A meander of paving stones across a scrap of yard, dead leaves, dying grass, black boots clomping, brown work boots following, hurrying, “Milady,” he says, and she stops so abruptly he almost runs into her, “Do not,” she says, “call me that.”

He nods, he swallows, big hands open to either side of her. “Jo,” he says. “Are you certain,” but she’s up the front steps, she’s pounding the yellow front door, “Ray!” she yells. “Lymond!” Rattling the knob, it clacks, the door pops open. “Lady,” says Luys, wincing, and then “Jo, wait – ” but she’s already off inside.

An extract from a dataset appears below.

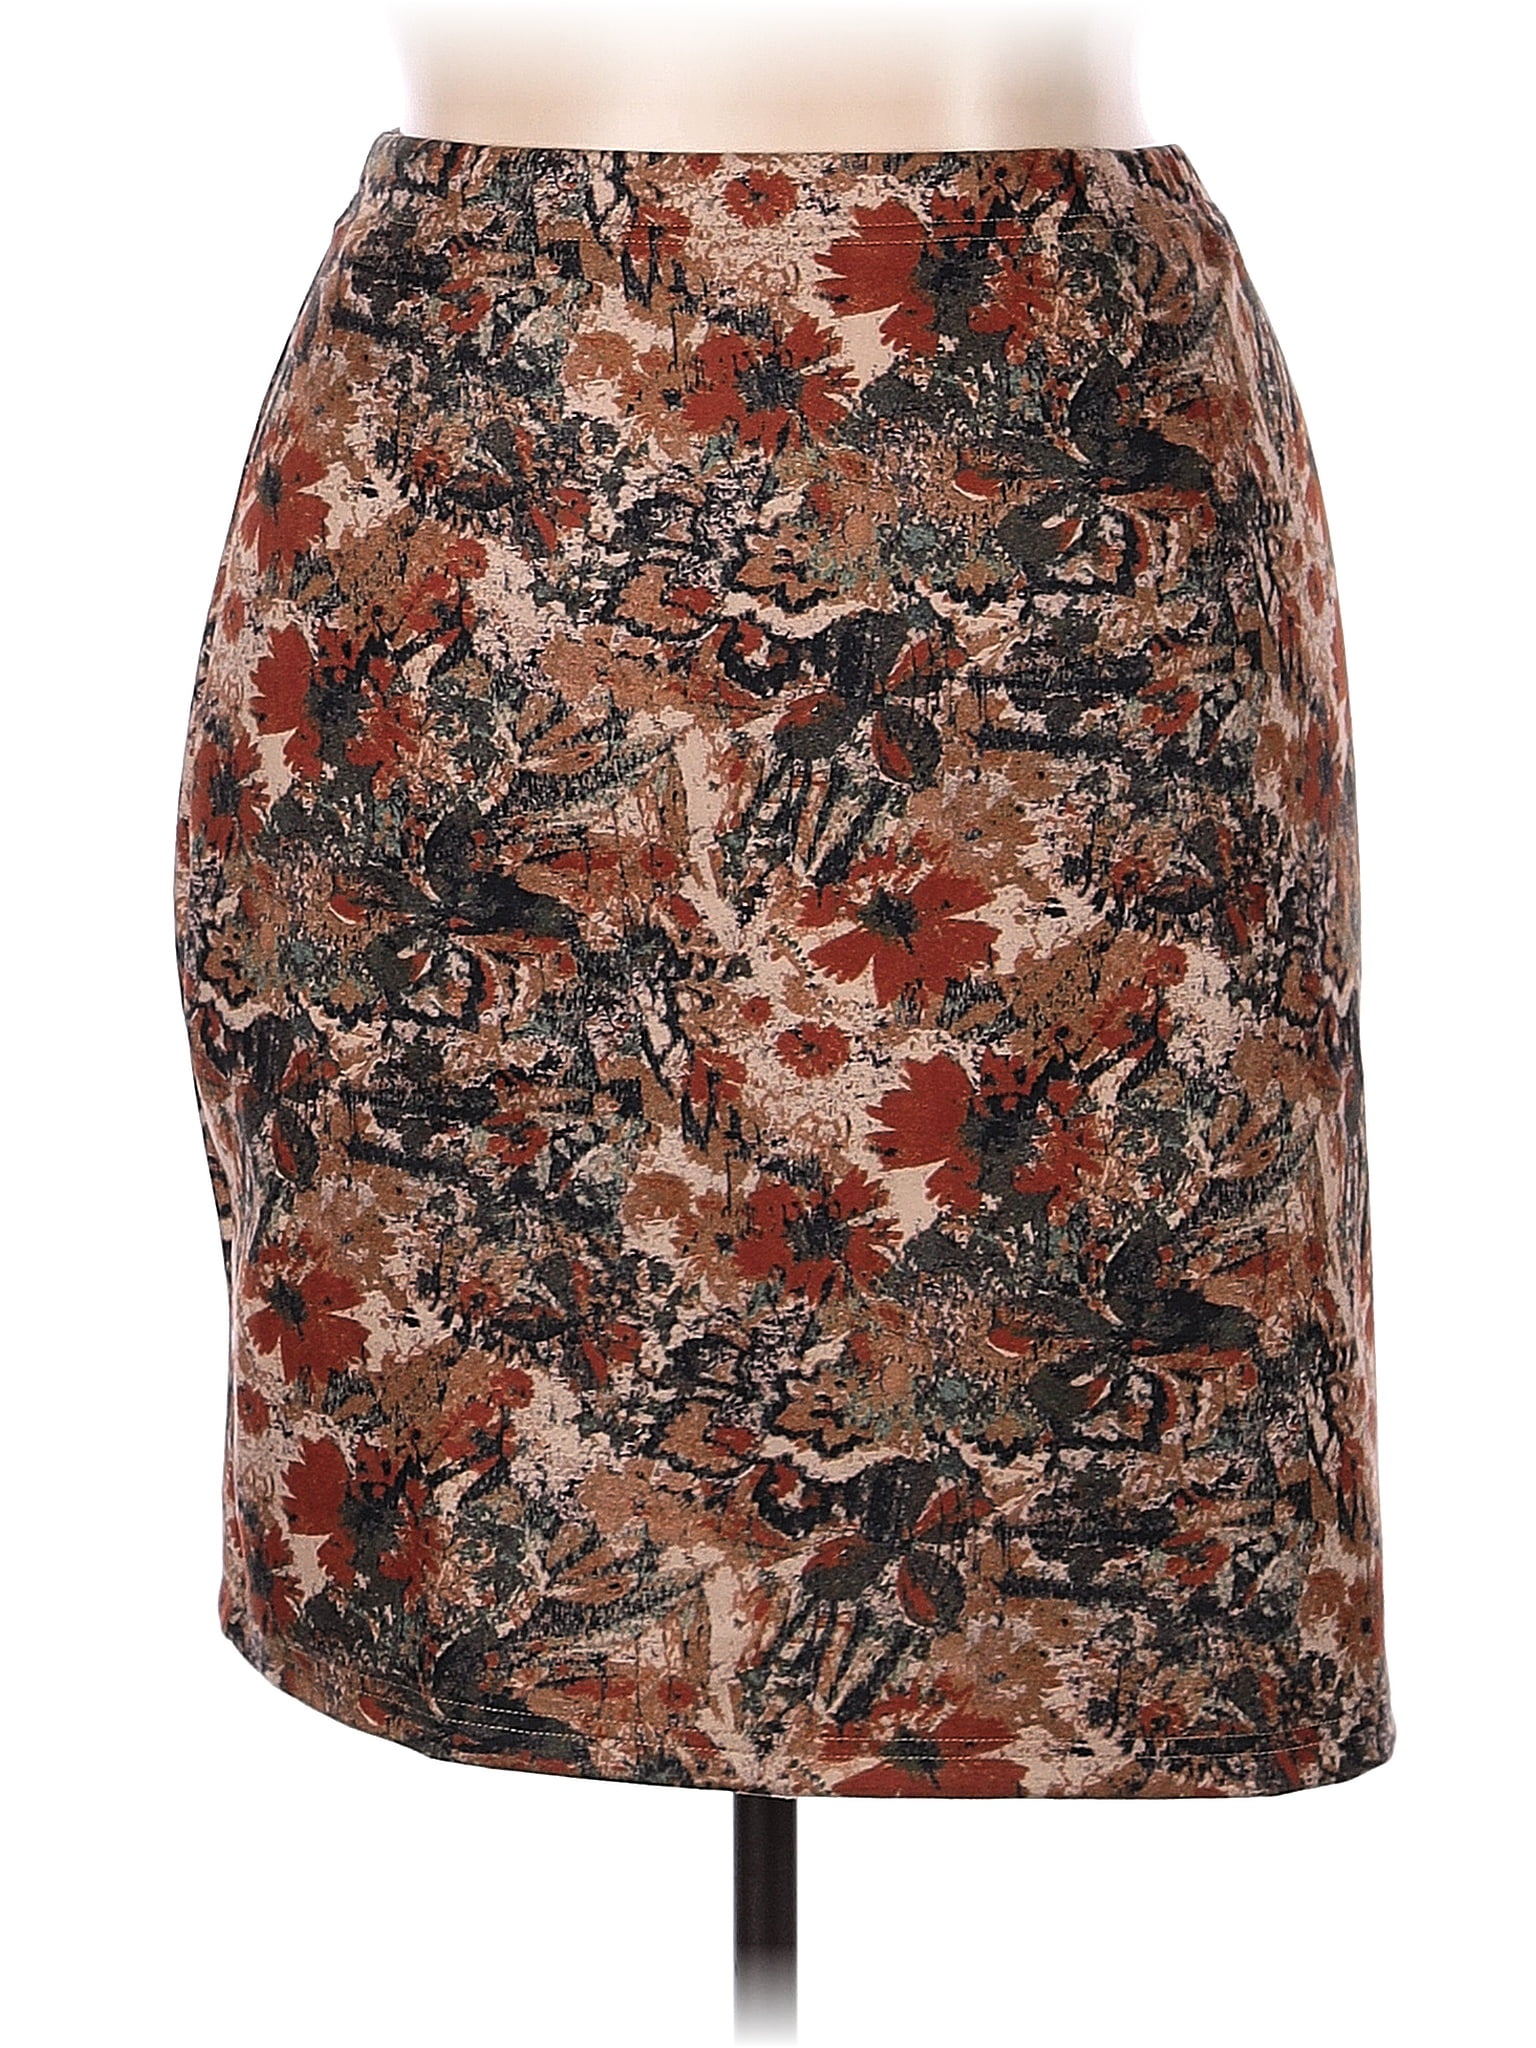 Shein 100% Polyester Floral Multi Color Brown Casual Skirt Size 5X ...

Inside, a long hall, the chugging whir of an air compressor, the chunk chunk, chunk of a nail gun. Jo in her black jacket bursts out into a high wide room, one great curving wall of glass and black trees falling away outside, into a formless chasm of cloud. The air compressor whines away down to silence, and the flap and snap of translucent plastic sheets draping a frame of two-by-fours built around a great square hole that’s been cut in the floor to one side. A man in buff coveralls studiedly checks a level. Jo calls, “Lymond!” again. To the other side an armchair under a blue plastic tarp, a low table beside it, the only furniture other than the table saw, the compressor, the stack of lumber. A second man steps around a corner of the frame, his hair a pinkish orange, his sweater soused in sawdust. “Huntsman,” he says. “Mason. A pleasant surprise. And as good a time as any, for a break?” The man in the coveralls sets his level down, dusts off his hands as Luys ducks his head, “Majesty,” he says, and “Goddammit, Lymond,” says Jo. Lymond pinches off a smile. “Jo, come,” he says. “Walk with me. Mason, if you’d let Scuppernong show you to the kitchen?” He lifts a corner of plastic to reveal the top of an aluminum ladder, leaned against an edge of that great square hole. “After you?” he says, a fillip of his hand in a bulky work glove.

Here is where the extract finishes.